The provisions of Articles 81 & 82
But first, let’s understand what delimitation means. It literally refers to the act or process of fixing limits or boundaries of territorial constituencies in a country or province with a legislative body. In India, this task is entrusted to a high-powered body called the Delimitation Commission (or Boundary Commission), whose orders have the force of law and cannot be challenged in any court.
Such commissions have been constituted four times: in 1952 (under the Delimitation Commission Act, 1952), in 1963 (under the 1962 Act), in 1973 (under the 1972 Act), and in 2002 (under the 2002 Act). It is in this context that we must understand Articles 81 and 82 of the Constitution, as amended from time to time.

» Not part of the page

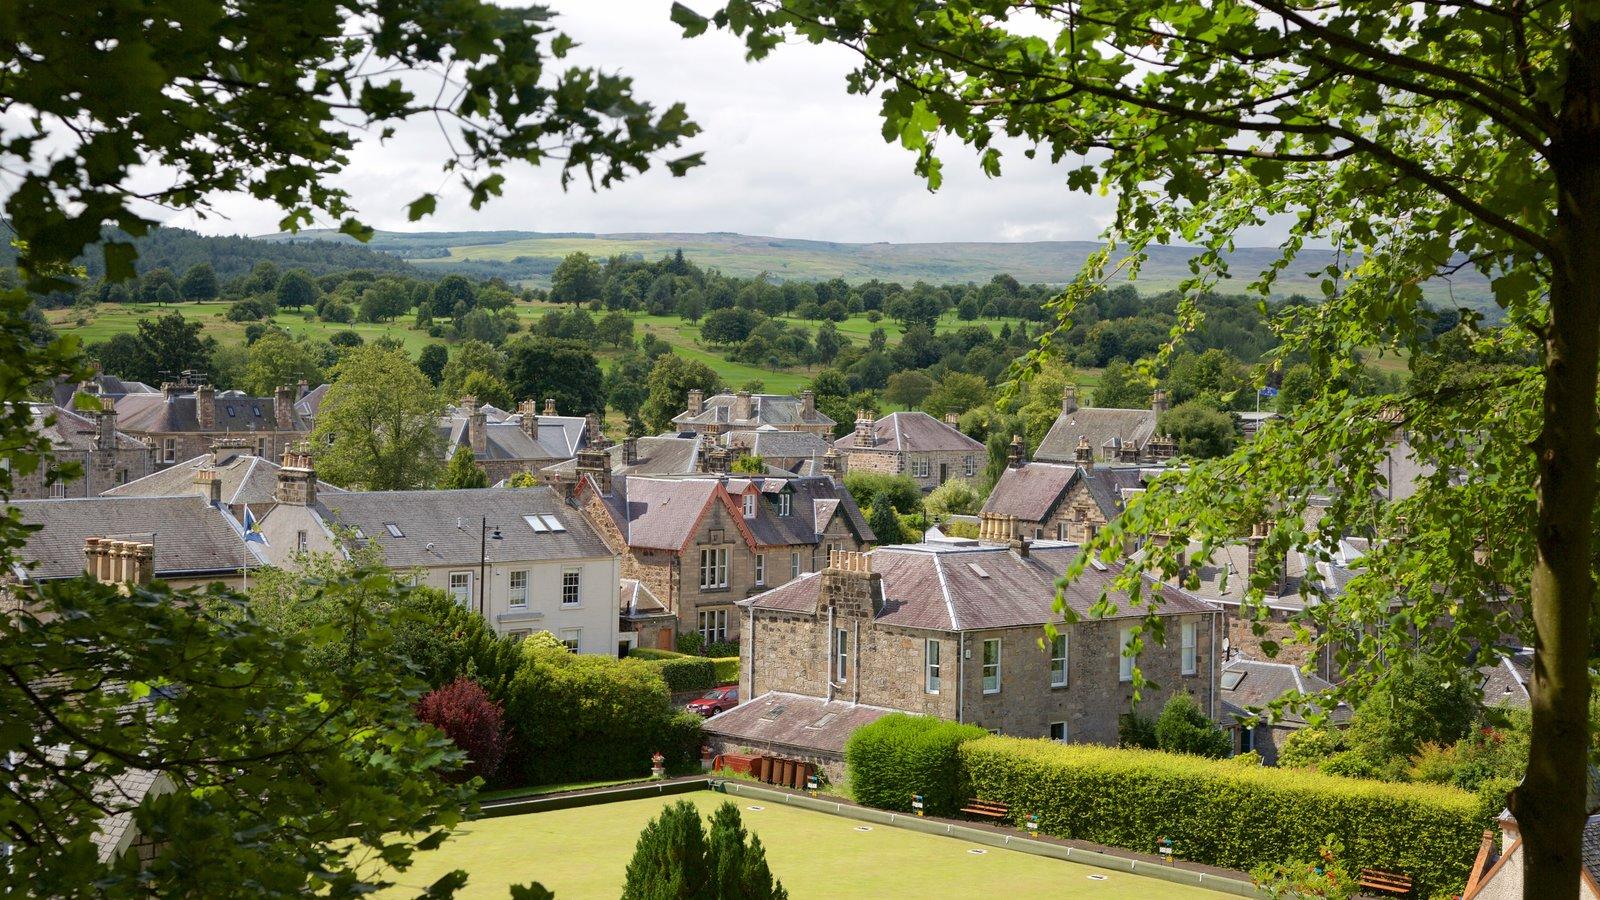 Stirling caracterizando uma cidade pequena ou vila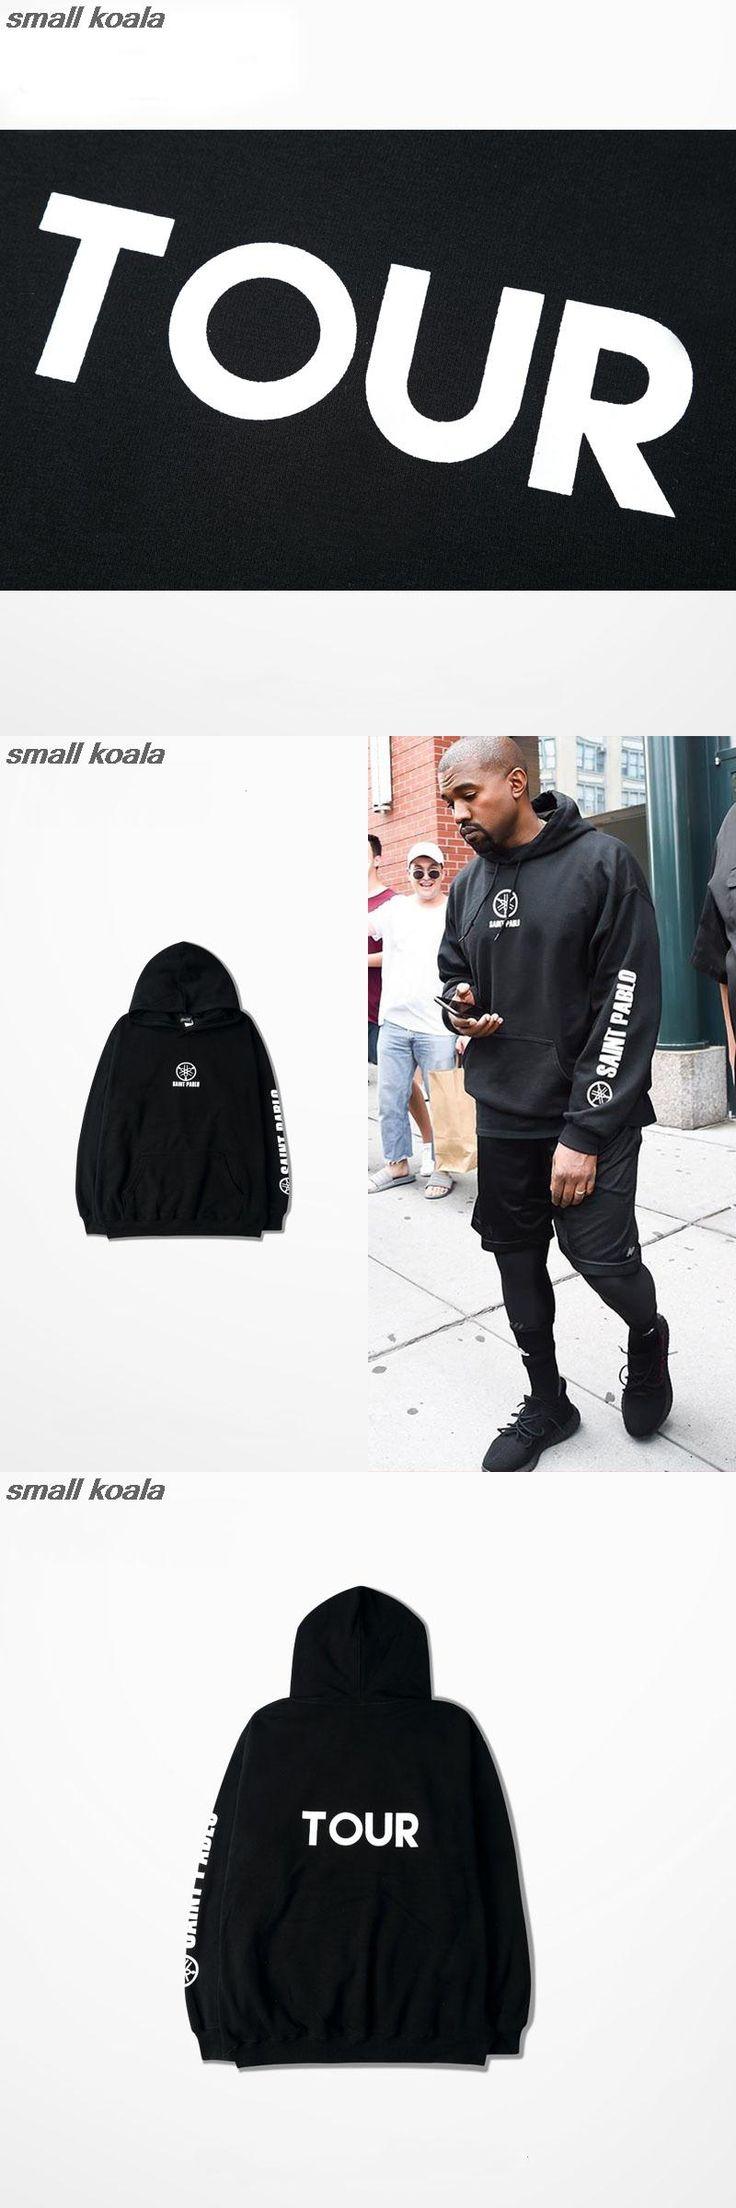 hoodie men hip hop for big man tracksuit Kanye west tour  season 3 clothing camiseta saint pablo sweatshirts

Article 81 deals with the composition of the Lok Sabha, while Article 82 mandates that the number of seats must be (re)adjusted after every census. It also requires that boundaries be redefined. At the Constitution’s commencement, the upper limit for Lok Sabha membership was 500, and 494 MPs were elected, each representing approximately 7.5 lakh people. Of course, there were variations — the number of electors and the size of a constituency are shaped by a complex interplay of demography, geography, and history. A decade later, with population growth and state reorganisation following the State Reorganisation Commission’s recommendations, this was raised to 525 in 1963. In 1973, the strength of the Lok Sabha increased to 542. States like Karnataka and Kerala gained an additional MP, while Madhya Pradesh and Maharashtra each gained three.
As it stands today, Article 81(2) caps the Lok Sabha at 550 members — 530 from 28 states and 20 from the eight Union Territories. Clause 81(2)(a) stipulates that the ratio between population and seats should be, as far as practicable, uniform across states. Clause 81(2)(b) further requires that each state be divided into territorial constituencies such that the ratio between the population of each constituency and the number of seats allotted is roughly equal throughout the state.
Up until 1976, after every decadal census, seats in the Lok Sabha, Rajya Sabha, and state legislative assemblies were reallocated to maintain (nearly) equal population representation. However, during the Emergency, the 42nd Amendment froze the number of seats in both Parliament and state assemblies until the 2001 Census. The lead proponent of this freeze, Prime Minister Indira Gandhi, justified it by pointing to uneven progress in family planning across states. The assumption was that, within two decades, states across India would achieve similar total fertility rates (TFRs).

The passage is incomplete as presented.